Here we go. The trivial solution consist in extracting all the elements of each array node and store them in a single big array, sort that big array (using Bubble Sort, Quick Sort, Shell Sort, etc.) and finally reconstruct the linked list of arrays with the the sorted values. I am almost sure that is not exactly what are you looking for.

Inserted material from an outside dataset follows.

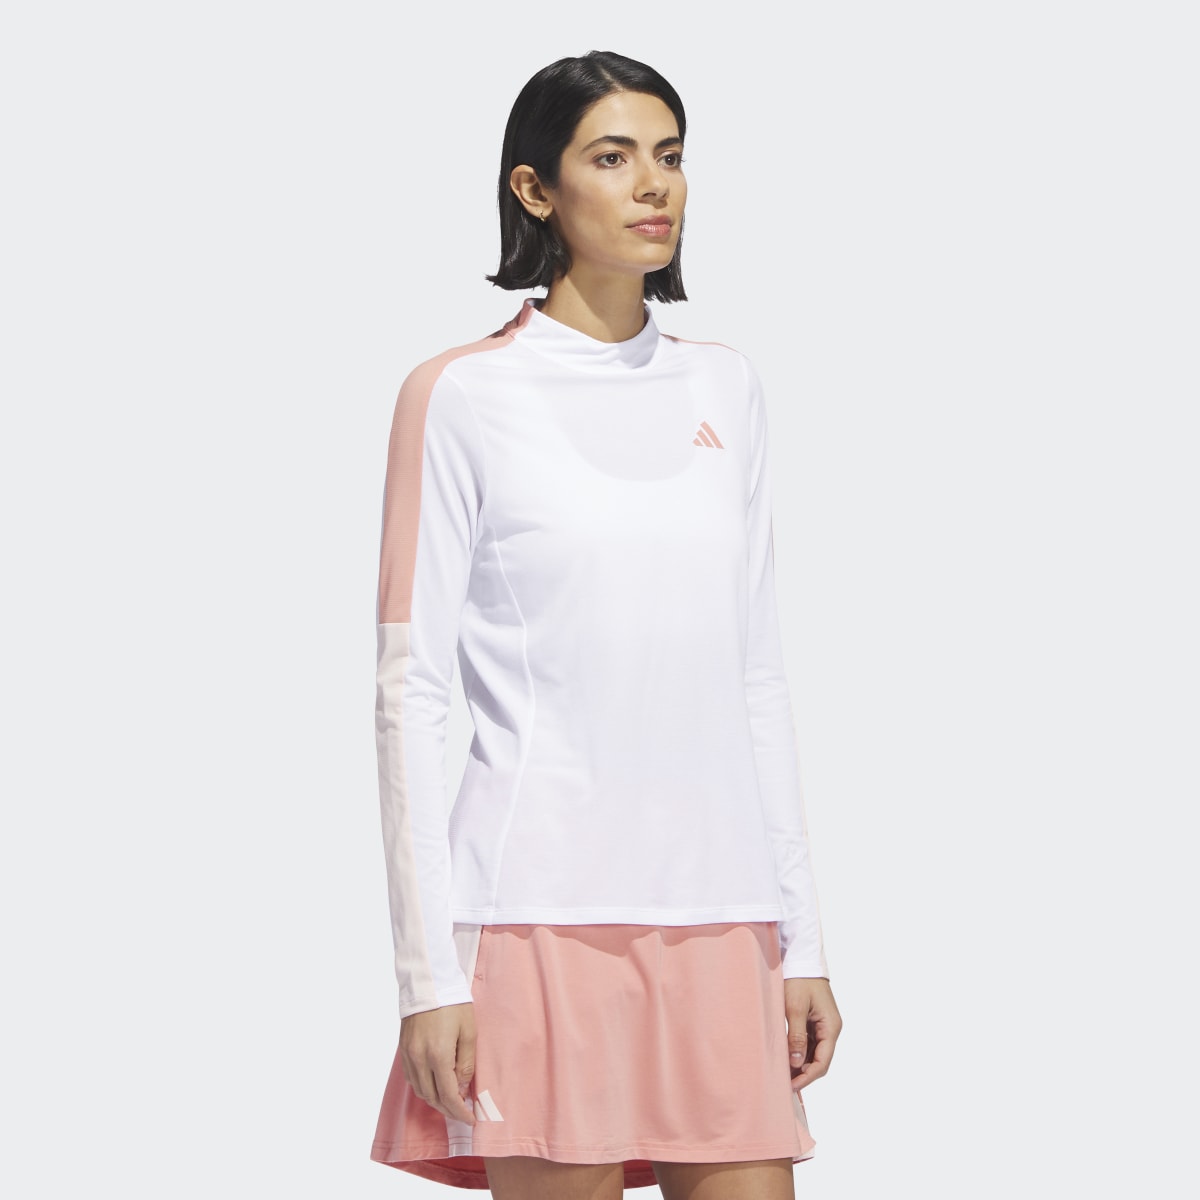 Adidas Made With Nature Mock Neck Tee. 4

If you want to sort the numbers in place , I can think of the following algorithm:

As others have commented, you need a comparison function that determines if a node A goes before a node B . The following algorithm use the first idea but for each pair of nodes, eg A->[3, 9, 7] and B->[1, 6, 8] becomes [1, 3, 6, 7, 8, 9] and finally A->[1,3, 6] and B->[7, 8, 9] . If we apply this rearrangement for each possible pair will end up with a sorted linked list of arrays (I have no proof, though).

A = head;
while (A.hasNext()) {
    arrayA = A.getArray();
    B = A.getNext();
    while (B.hasNext()) {
        arrayB = B.getArray();

        // concatenate two arrays
        int[] C = new int[arrayA.size() + arrayB.size()];
        int i;
        for (i = 0; i < arrayA.size(); i++)
            C[i] = arrayA[i];
        for ( ; i < arrayA.size() + arrayB.size(); i++)
            C[i] = arrayB[i-arrayA.size()];

        // sort the new arrays using agains Bubble sort or any
        // other method, or Arrays.sort()
        Arrays.sort(C);

        // now return the sorted values to the two arrays
        for (i = 0; i < arrayA.size(); i++)
            arrayA[i] = C[i];
        for (i = 0; i < arrayB.size(); i++)
            arrayB[i] = C[i+arrayA.size()];
    }
}

This is kind of pseudo code because I haven't worked with linked lists in Java but I think you get the idea.

NOTE: I haven't tested the code, it may contain horrors.